* Task prompt
An exact copy of the data is needed, but without any of its images.

* Data
***
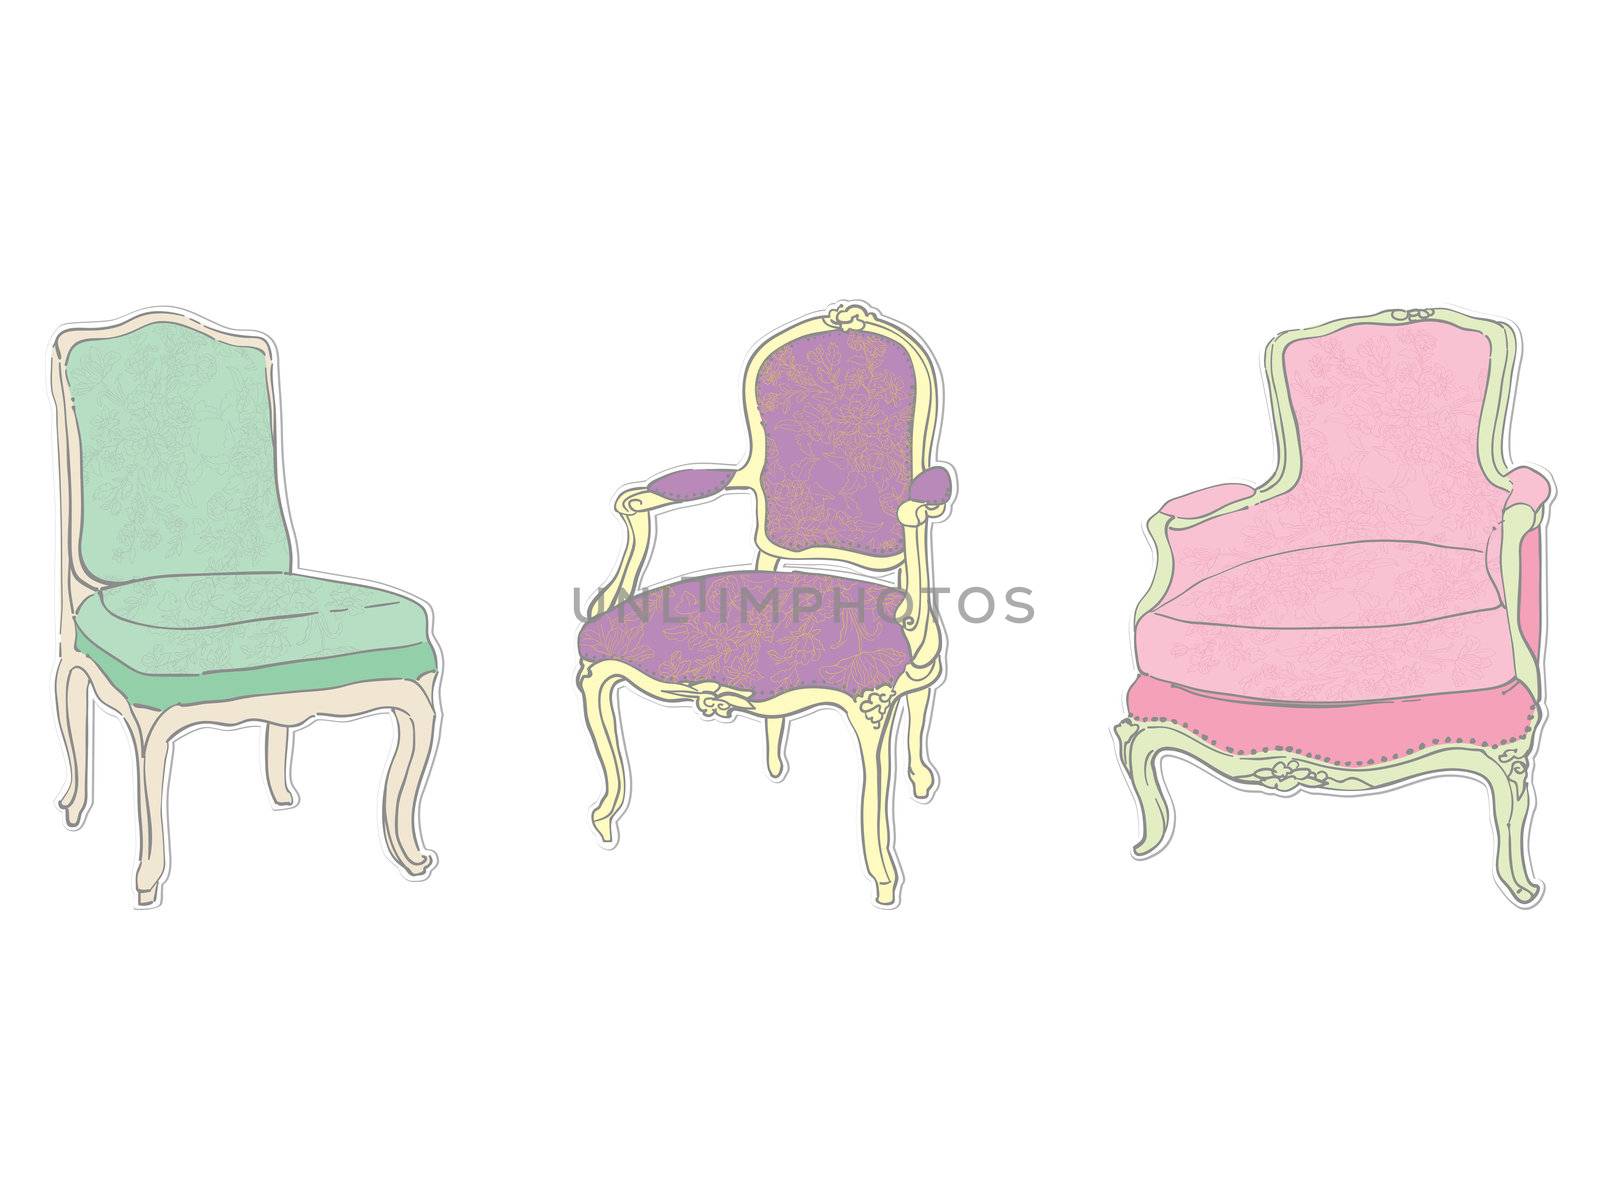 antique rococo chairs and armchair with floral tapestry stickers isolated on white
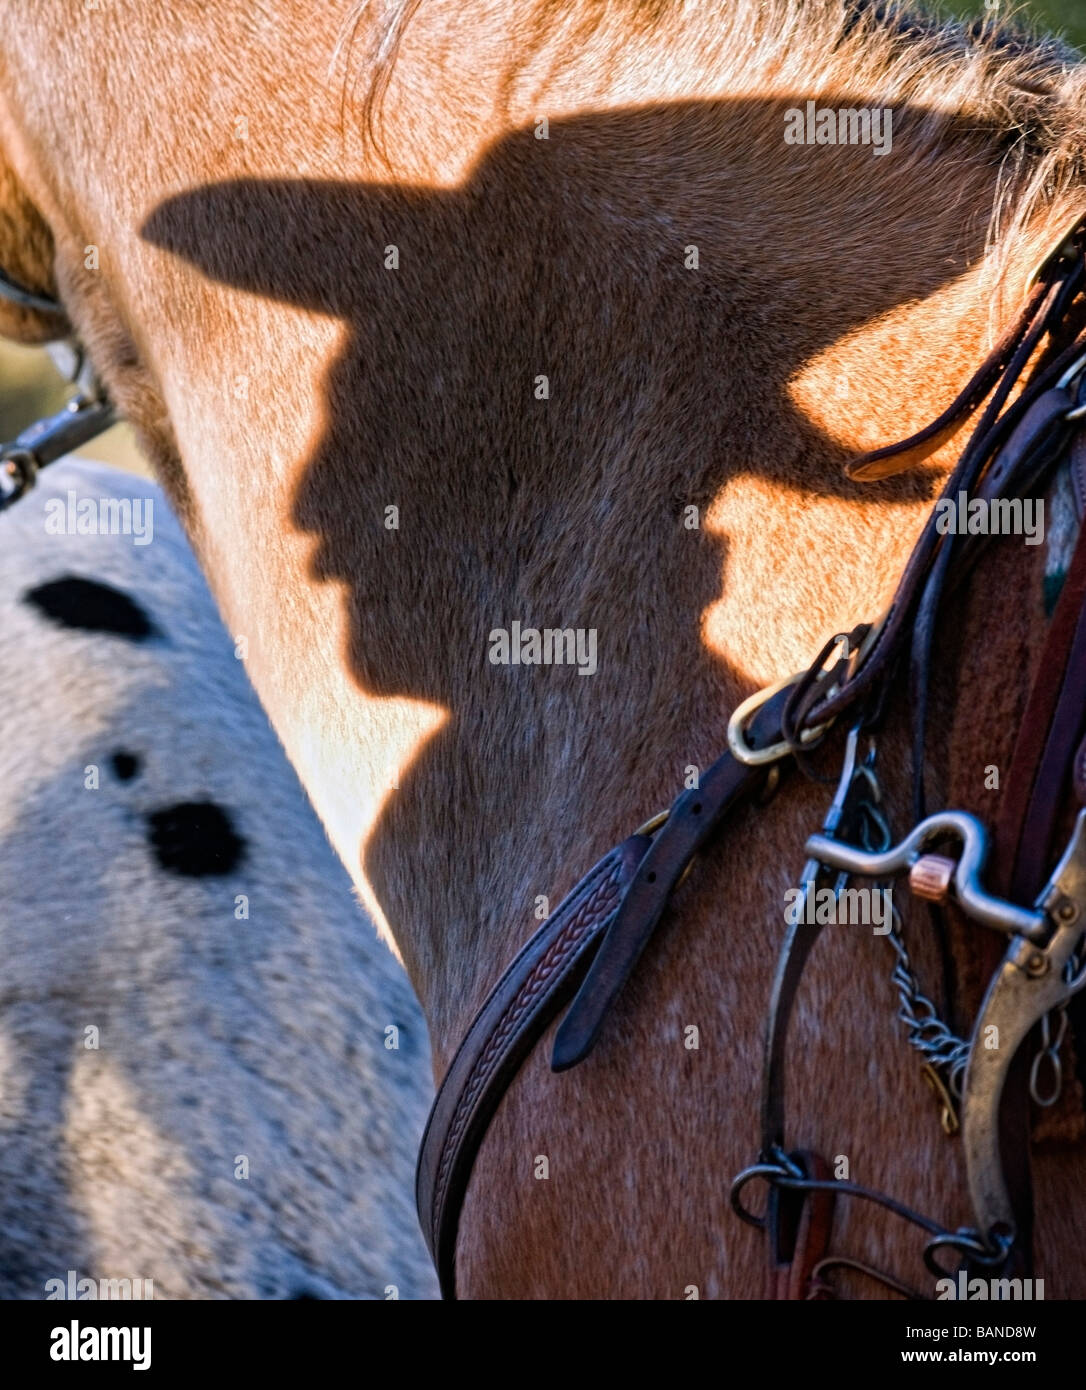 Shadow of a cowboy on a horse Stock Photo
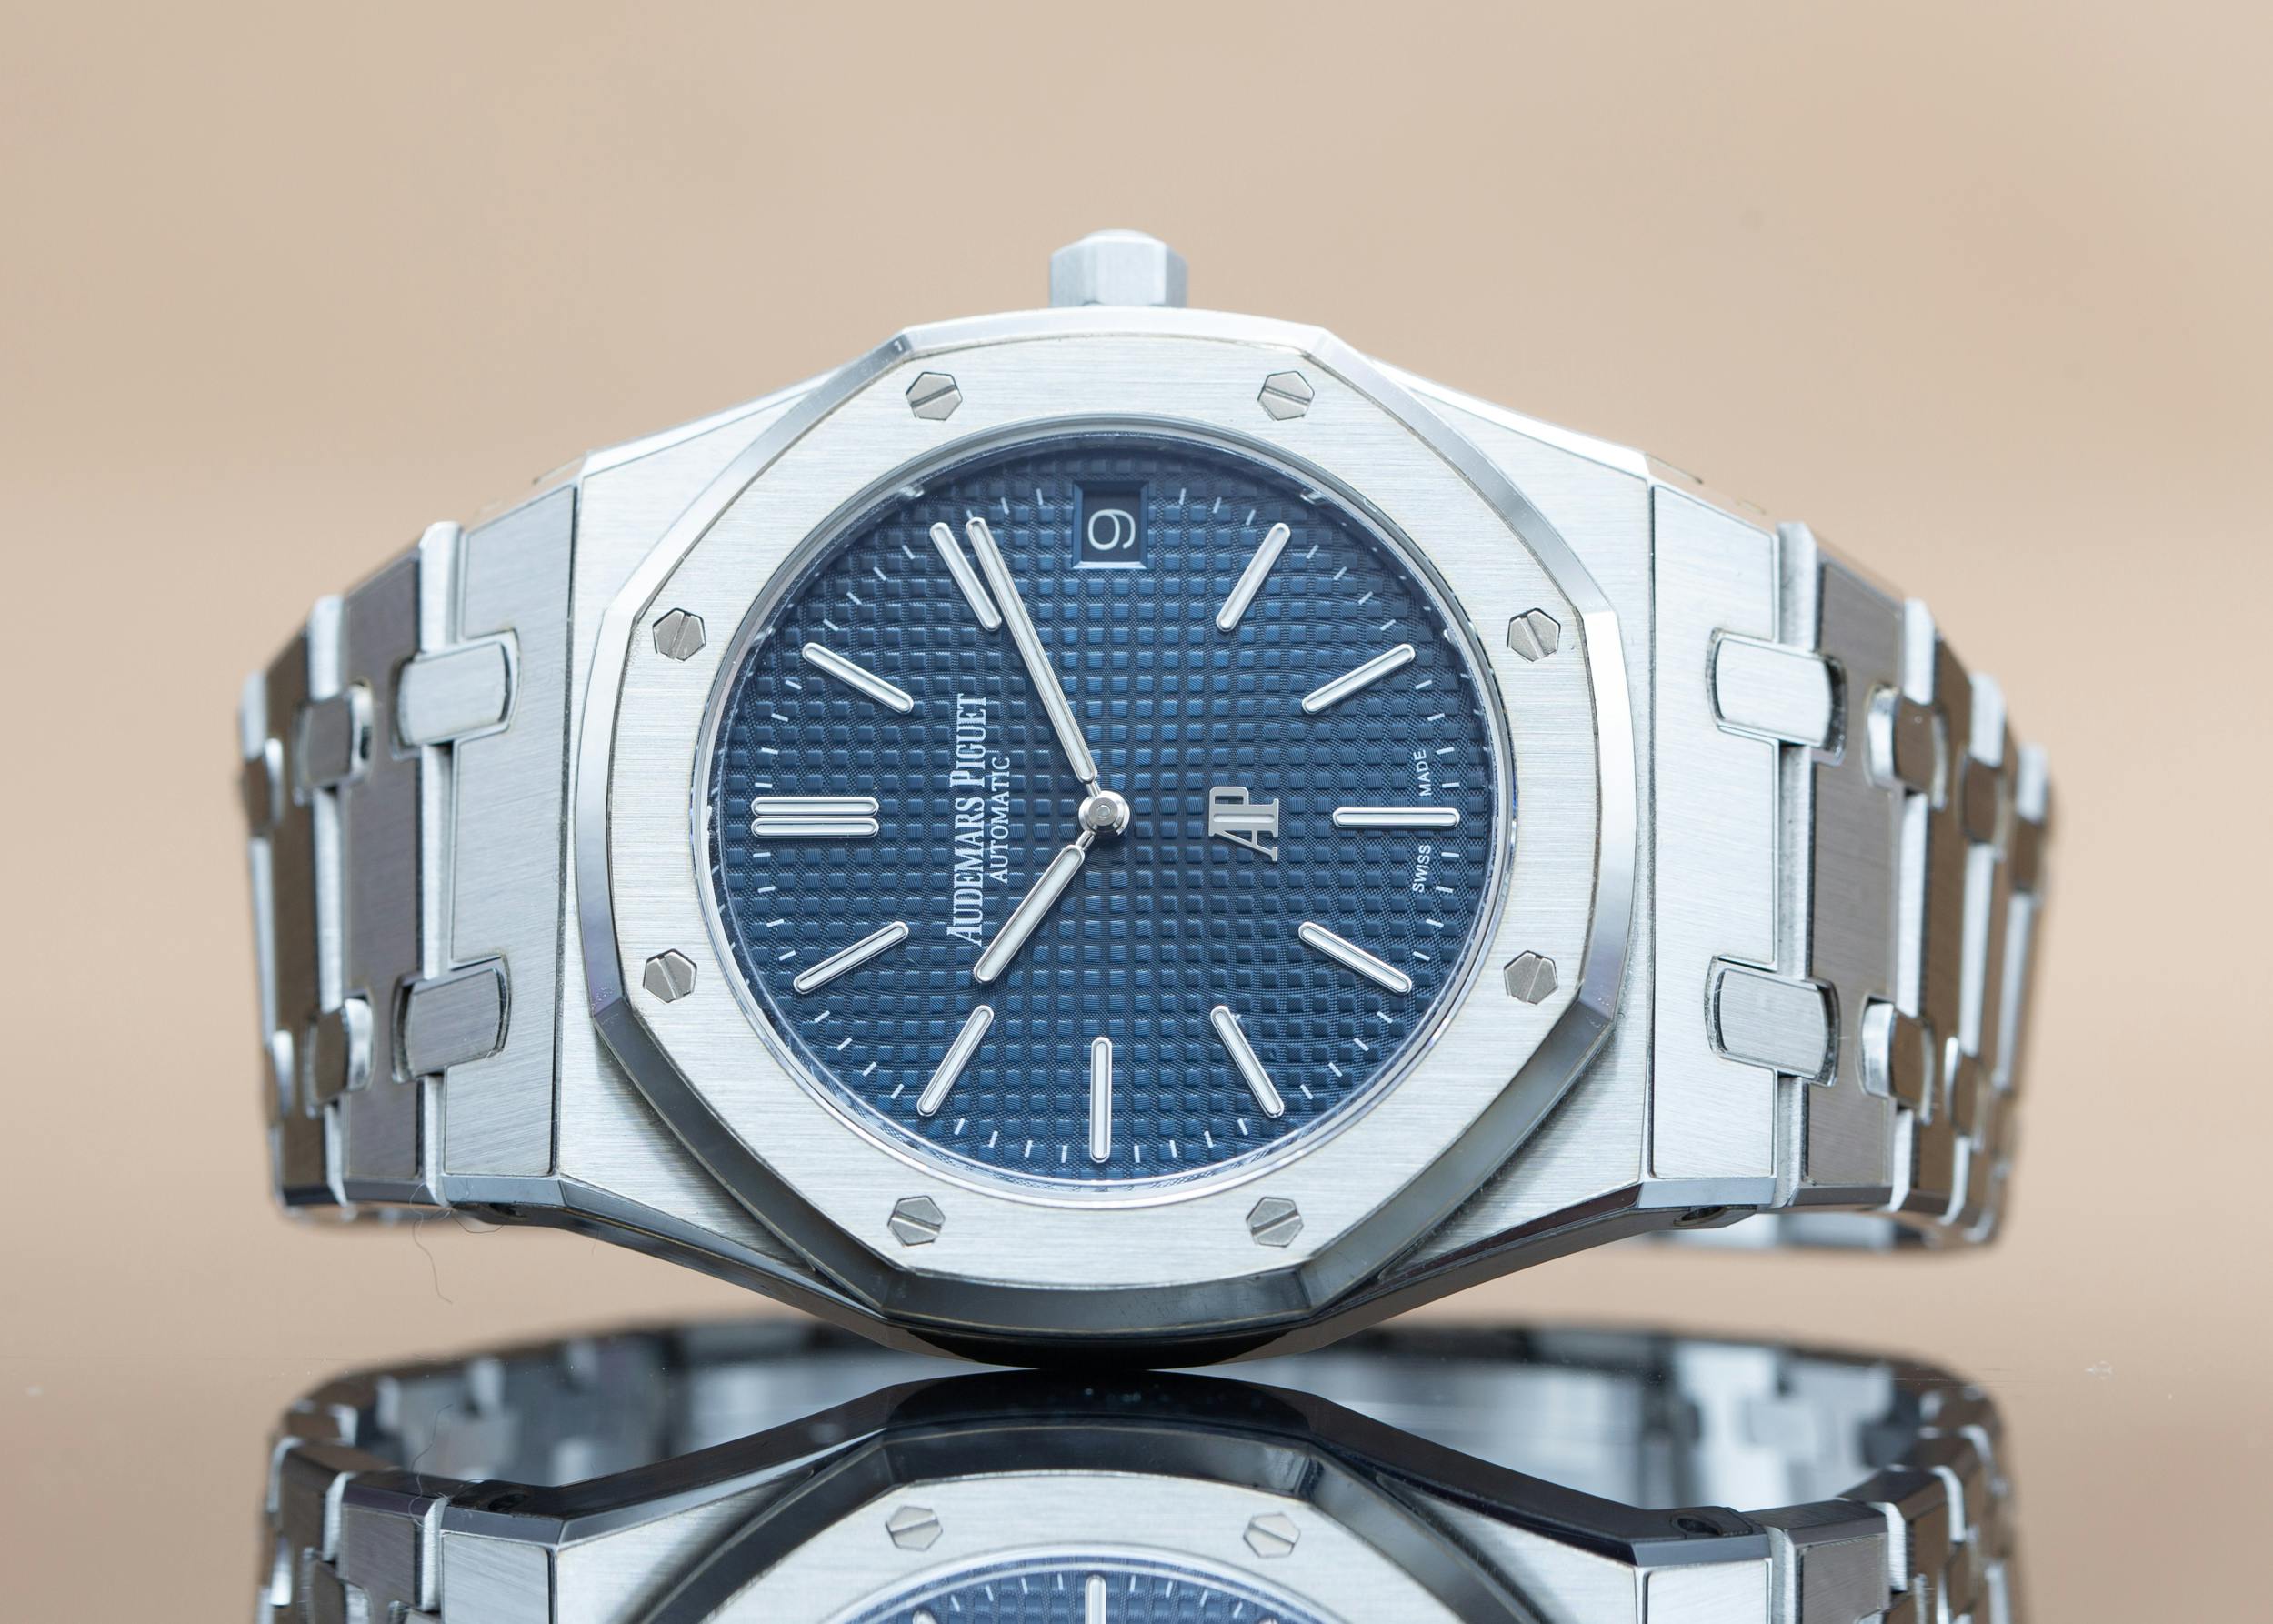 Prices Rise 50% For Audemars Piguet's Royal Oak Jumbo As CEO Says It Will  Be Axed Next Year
***
* Answer section
 antique rococo chairs and armchair with floral tapestry stickers isolated on white
 Shadow of a cowboy on a horse Stock Photo
 Prices Rise 50% For Audemars Piguet's Royal Oak Jumbo As CEO Says It Will  Be Axed Next Year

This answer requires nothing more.